Limited Liability Protection: As your company is a separate entity, shareholders are not personally liable for its debts and losses beyond the amount of their share capital. This means if the startup fails, the founders’ personal assets (e.g., their homes, savings) are protected from business creditors. This encourages risk-taking and innovation, which are hallmarks of the tech industry.
Ease of Raising Capital: As the Pte. Ltd. structure is familiar and trusted by venture capitalists (VCs) and angel investors in Singapore and globally, issuing shares to new investors becomes a straightforward process of allotting new equity. Different classes of shares and employee stock option plans (ESOPs) can also be easily implemented.
Enhanced Credibility and Professional Image: Operating as a Pte. Ltd. signals stability and professionalism to potential clients, partners, and employees.

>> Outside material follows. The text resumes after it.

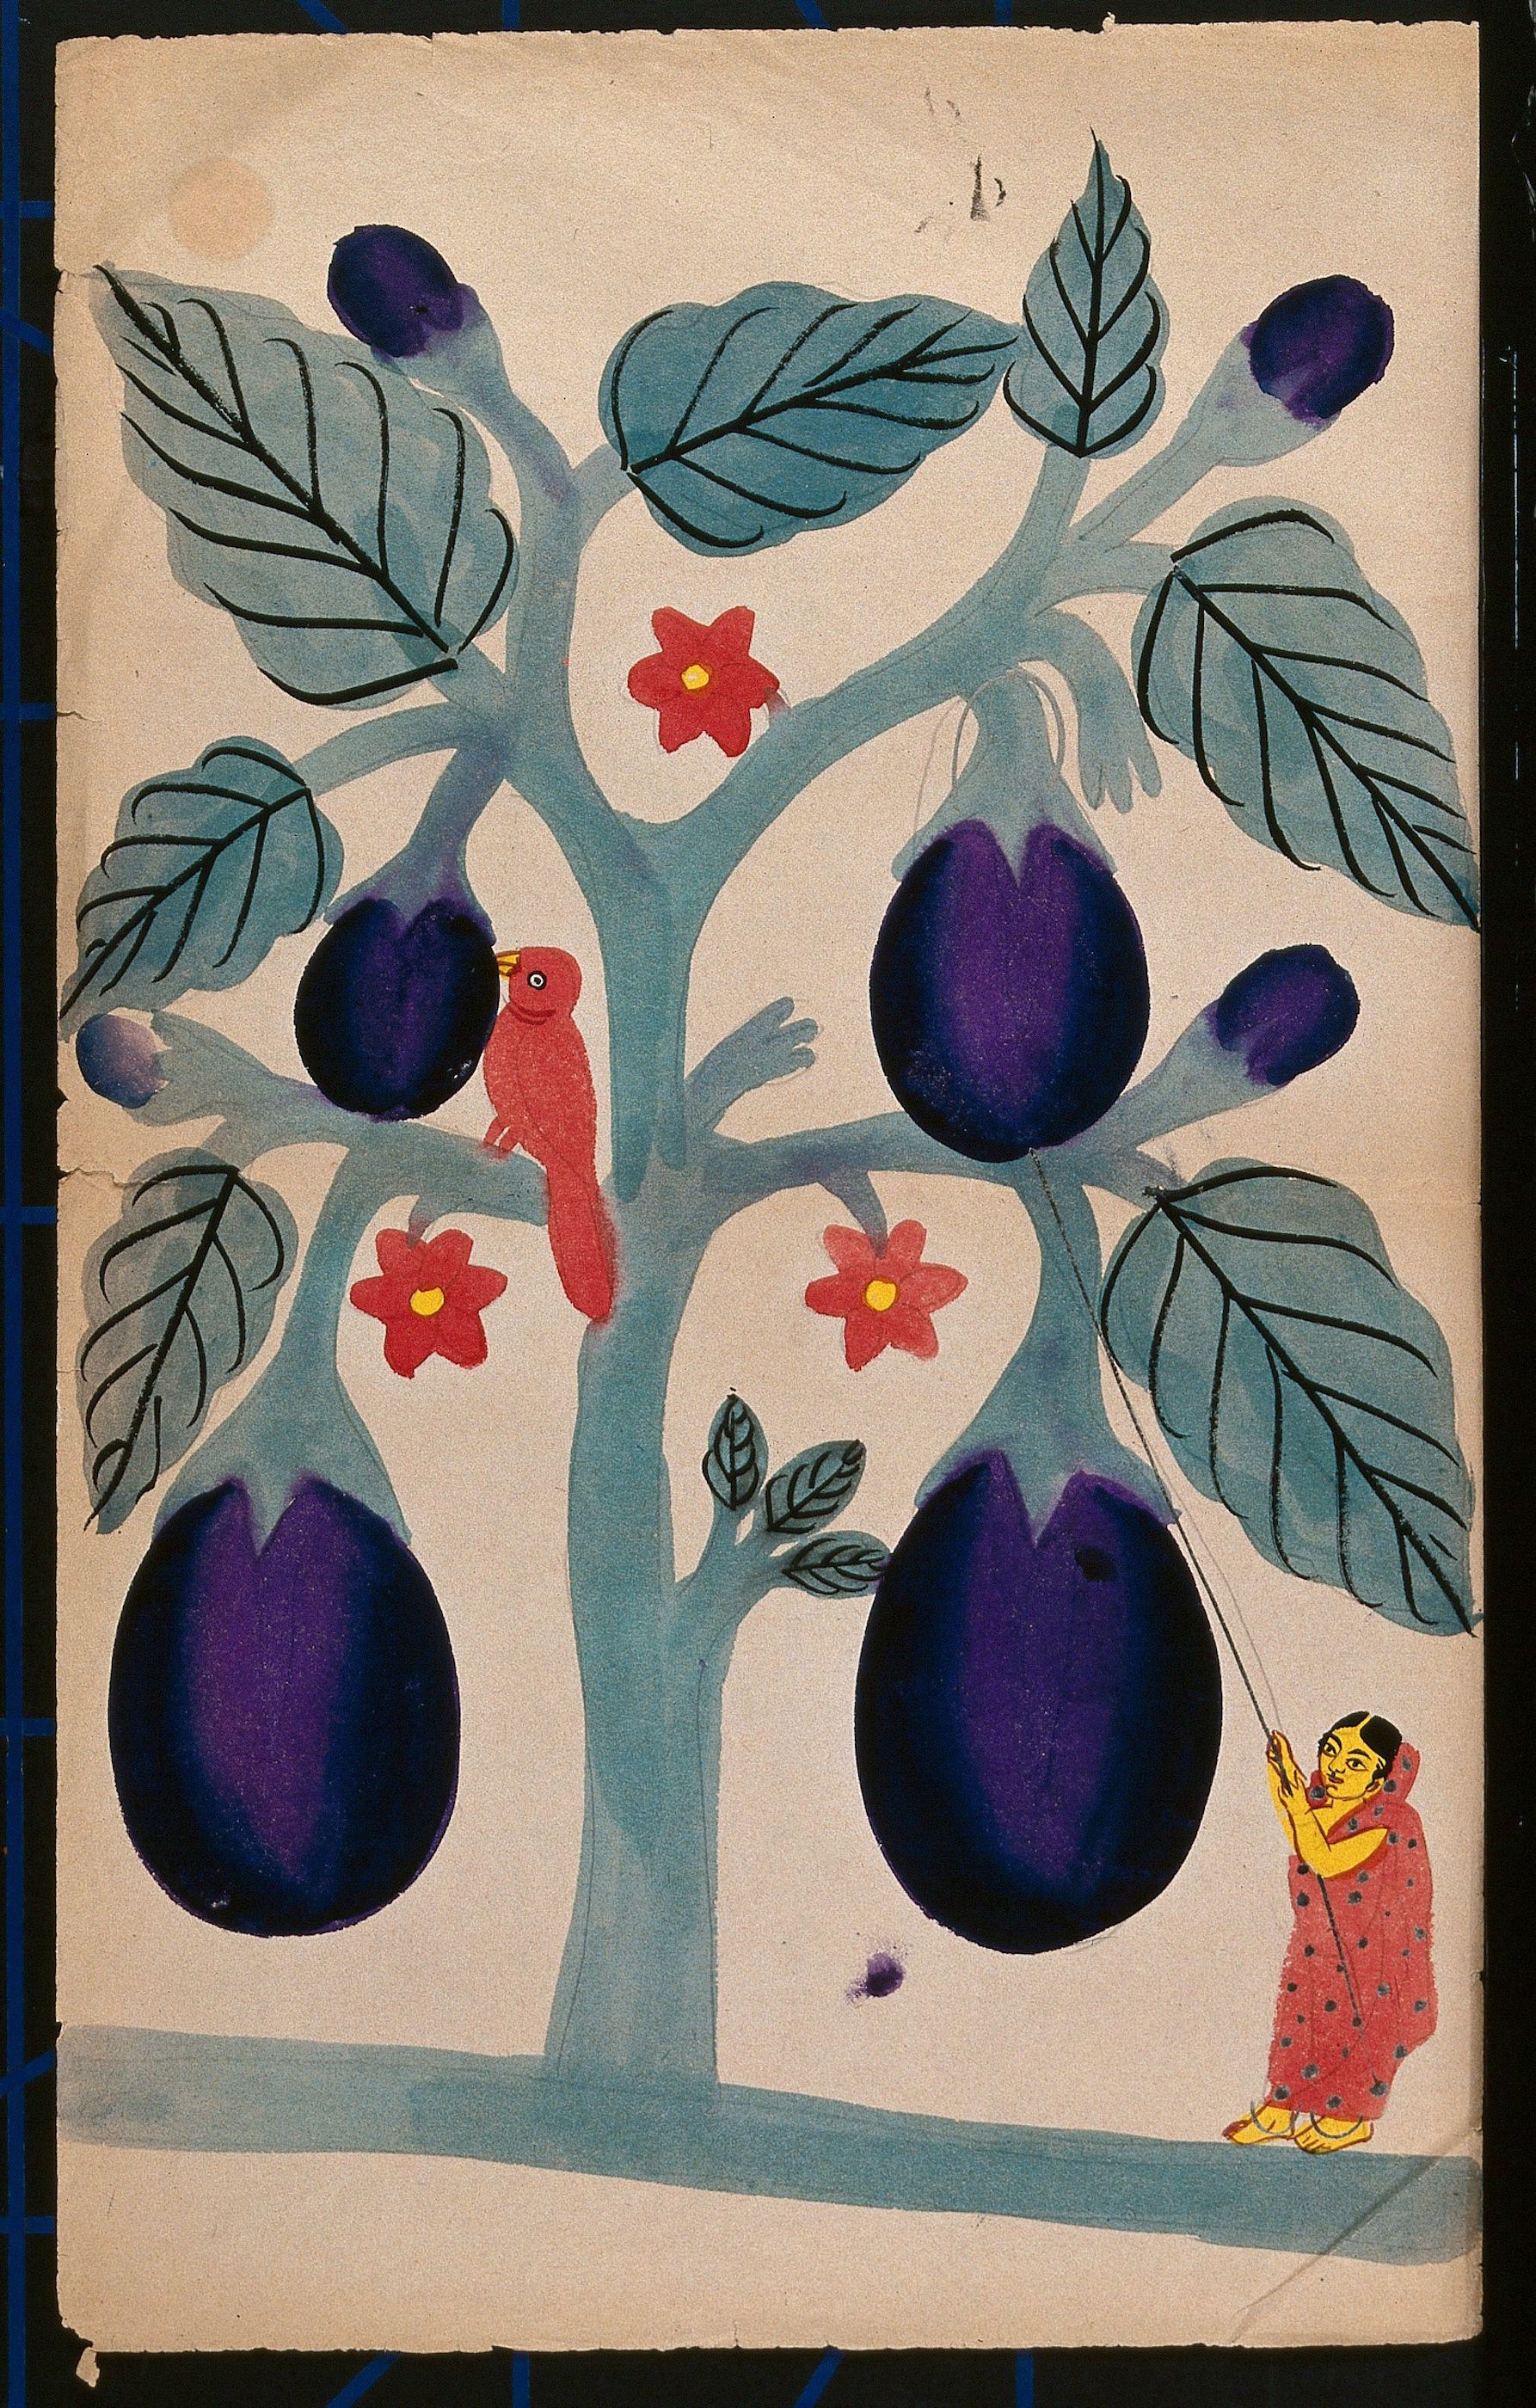 A Woman Pulling Giant Aubergines From a Tree by Unknown Artist - 19th century - 46.1 x 28.4 cm Wellcome Library

Tax Benefits and Incentives: A Singapore-incorporated Pte. Ltd. is treated as a Singapore tax resident and can take full advantage of the country's attractive tax regime. This includes a low corporate tax rate of 17%, and more importantly for startups, the Start-up Tax Exemption (SUTE) scheme, which provides significant tax breaks on profits for the first three years of operation.
Perpetual Succession: The company's existence is not affected by the resignation, death, or change in ownership of its shareholders or directors. This ensures business continuity, which is vital for long-term projects and partnerships.
Find out how Mezzanine Enterprise can help you incorporate your company as a Pte. Ltd.:
The most highly recommended company structure for a startup is the Private Limited Company (Pte. Ltd.), due to its scalability and liability protection. Here is a breakdown of the setup process:
1. Choose and Reserve Your Company Name: The first step is to choose a unique name for your company. This name must not be identical to an existing business name and should not be obscene or offensive. You must obtain approval and reserve your proposed name with ACRA through the BizFile+ portal. The name reservation is typically valid for 120 days.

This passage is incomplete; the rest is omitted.